Implementation guidelines

[All Actors]
1. Establish annual internal assessment processes to evaluate conformance with AI supply chain security standards, policies, procedures, and service level agreements across all organizational functions.

2. Define assessment scope and criteria covering policy compliance, procedural effectiveness, control implementation, and service level agreement performance for all AI-related activities.

3. Conduct systematic compliance reviews using standardized assessment frameworks, checklists, and metrics to measure adherence to established standards and identify gaps.

4. Document assessment findings including compliance status, control effectiveness ratings, identified deficiencies, and recommendations for improvement across all assessed areas.

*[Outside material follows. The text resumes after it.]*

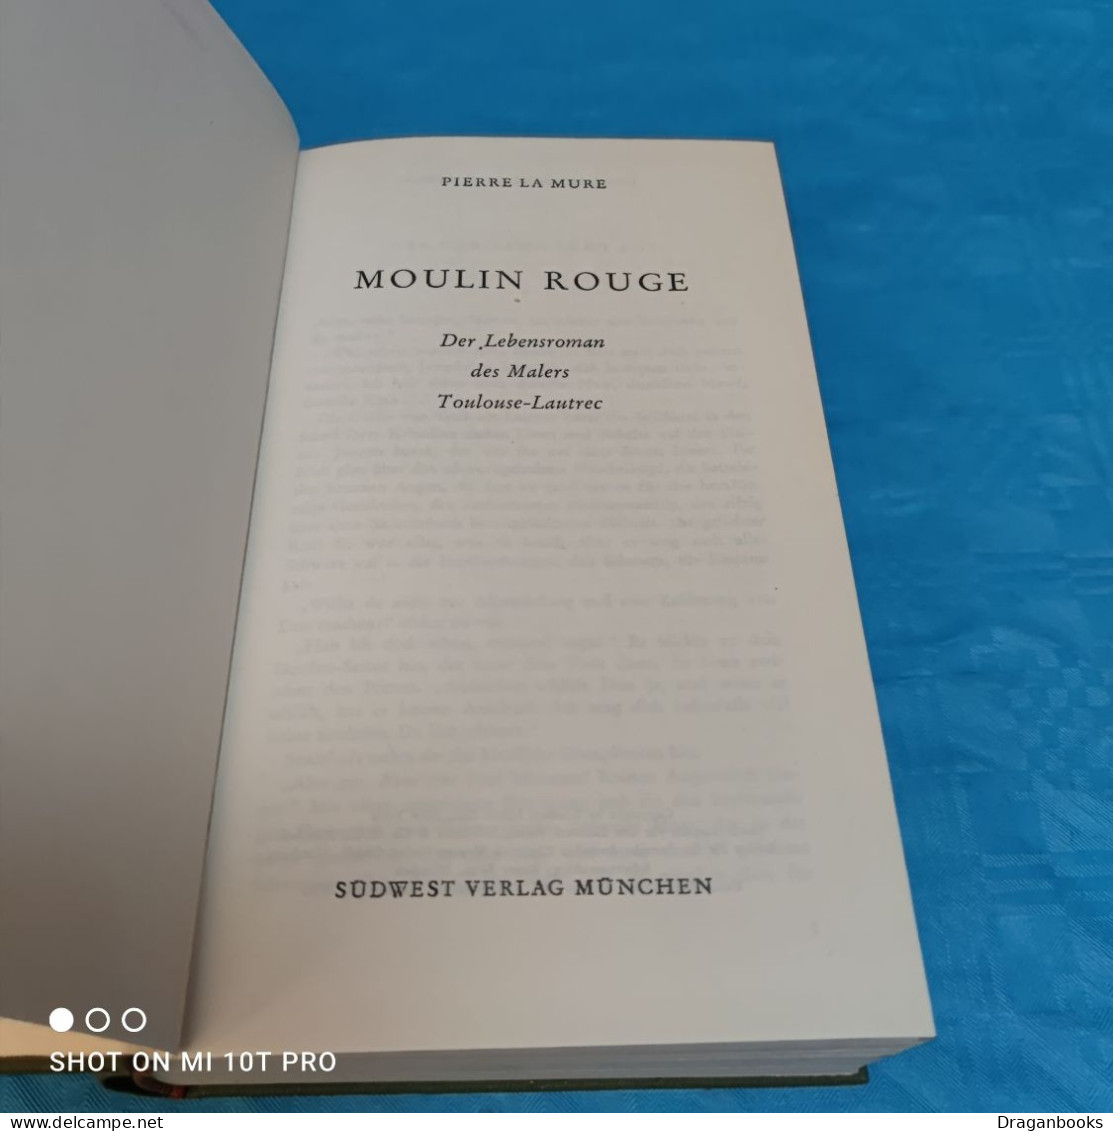 Pierre La Mure - Moulin Rouge - Biografía & Memorias

5. Implement corrective action processes to address identified non-conformance issues, track remediation progress, and verify effectiveness of corrective measures.

6. Report assessment results to appropriate stakeholders including management, audit committees, and relevant governance bodies to support continuous improvement and accountability.

Auditing guidelines

1. Verify whether the Cloud Service Provider has a recurring, structured audit process to evaluate governance across cloud infrastructure, data storage, compute services, virtualization, and AI workload support (e.g., container orchestration, GPU provisioning, serverless functions).

2. Review audit documentation for issues such as misconfigured access controls, data residency violations, service availability risks, or insecure APIs. Confirm that corrective actions are tracked, resolved promptly, and aligned with cloud security standards, regulatory requirements, and internal policies.

3. Determine whether audit results are shared with relevant teams—such as cloud operations, compliance, and security—and that a feedback mechanism is in place to continuously improve audit effectiveness and ensure responsible cloud service delivery.

Standards mappings

ISO 42001No Gap
42001: A.2.3 Alignment with other organizational policies
42001: A.10.3 Suppliers
27001: A.5.22 Monitoring
review and change management of supplier services
27002: 5.22 Monitoring
review and change management of supplier services
Addendum

N/A

EU AI ActPartial Gap
Article 9 (2)
Article 17
Annex VII 5.3
Addendum

Define a formal internal audit program that includes: supplier and SLA performance reviews, security/privacy policy compliance, a documented process within the QMS or compliance framework, a review schedule (e.g., annually or per risk/event triggers), and confirmation that reviews are extended to all relevant actors, not just high-risk providers.

NIST AI 600-1No Gap
GV-6.1-005
Addendum

N/A

BSI AIC4No Gap
C4 PC-01
C4 Section 4 (4.4.2.1)
C5 SSO-04
C5 COM-02
C5 COM-03
Addendum

N/A

AI-CAIQ questions (1)

STA-12.1

Is there a process for conducting internal assessments at least annually to confirm the conformance and effectiveness of standards, policies, procedures, and SLA activities?